Таня поздоровалась, глядя в сторону. Но здесь и правда было посвободнее. Люди стояли, сидели. Негромко переговаривались.
– Нюша, ну будет, ну не плачь, – повторял мужчина в усах.
Плакала женщина или нет, было не разглядеть – так тесно она прижалась к усачу.
– Садитесь на мешок, – пригласил Лютик.
Какие у него жуткие уши, поразилась Таня.
Лютик поймал ее взгляд и смущенно пригладил себя по голове.
– Остригся. Все готово.
– А вас что, никто не провожает?
Здесь всех кто-то провожал. Лютик был один. Но все равно добродушно улыбался.
– Столько хлопот с отъездом. Вещи собрать. Наверное, не вырвались, – развел он руками.
– Как это не вырвались? – разозлилась на них Таня.
Но тотчас вспомнила: они сами-то хороши, с собачкой заигрались…
Уйти и бросить Лютика одного теперь было бы некрасиво. Всех здесь кто-то провожал. Таня села на мешок.
– На вокзалах такой хаос, – повторила она дядины слова. И уставилась на собственные туфли.

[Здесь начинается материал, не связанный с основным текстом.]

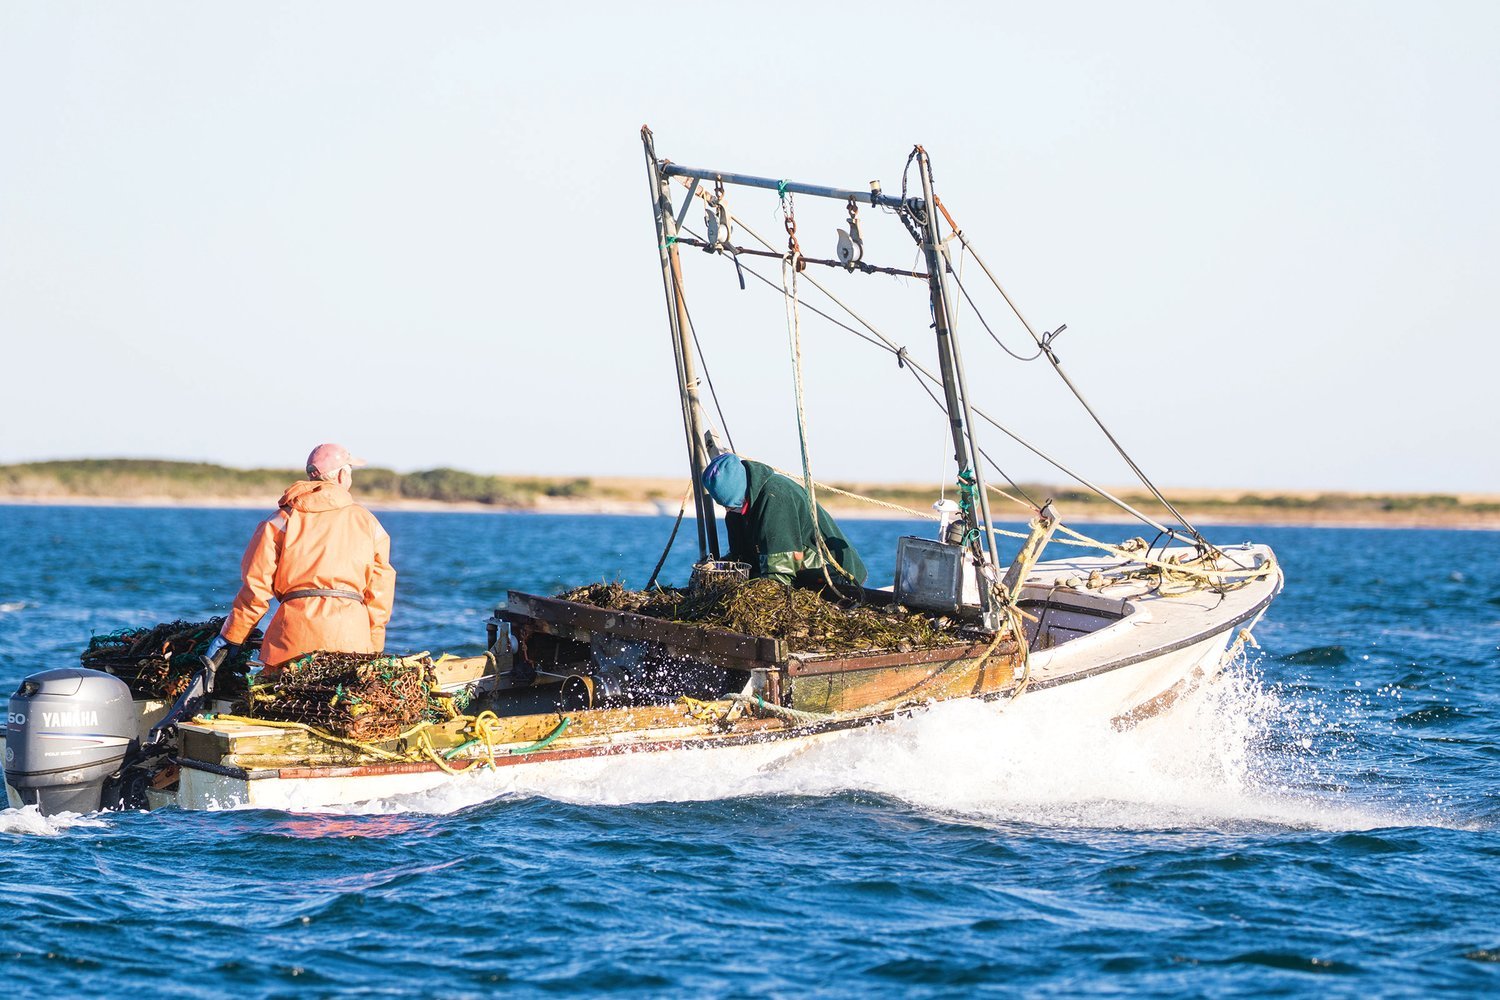 Nantucket's bay scallop harvest last year was just 3,200 bushels, one of the lowest since records have been kept.

Лютик приветливо смотрел вокруг. Кто-то позади них засмеялся. Таня обернулась. Ей казалось, все смотрят на нее и думают: ну и кавалера она себе откопала, просто чучело.
– А где ваша винтовка?
Лютик пожал плечами.
– Потом дадут. А если не дадут, то, сказали, надо отбить у врага в первом бою.
«Как же. Этот отобьет… Боже, какое чучело!» – мрачно думала она.
Поодаль опять кто-то засмеялся. Таня с вызовом повернулась. Смеющаяся девушка дергала своего спутника за нос, и ни до кого ей дела не было. Но Таня все равно обиженно выпрямила спину.
– Вы художник? – нарочно громко и отчетливо спросила она. Пусть знают.
– Да что вы! – засмеялся Лютик. – Разве что посредственный. Это еще хуже, чем плохой. Вот вернусь после этой заварухи – пойду учиться на фармацевта. Или на инженера. Обычная понятная работа.
Свистнули.
– По машинам! – гаркнул голос.
Все нестройно поднялись. Женщины закричали. Вцепились в ремни, мешки, лямки. Улыбались, целовались. «Ну, будет, будет…», «Мне пора!», «Ничего, ничего…» – только и слышала вокруг себя ошеломленная Таня. И крики. Кто-то плакал. Кто-то хохотал. Таню волной толкнуло, отбросило. Лютика потащило прочь. Все улыбались, махали, кричали.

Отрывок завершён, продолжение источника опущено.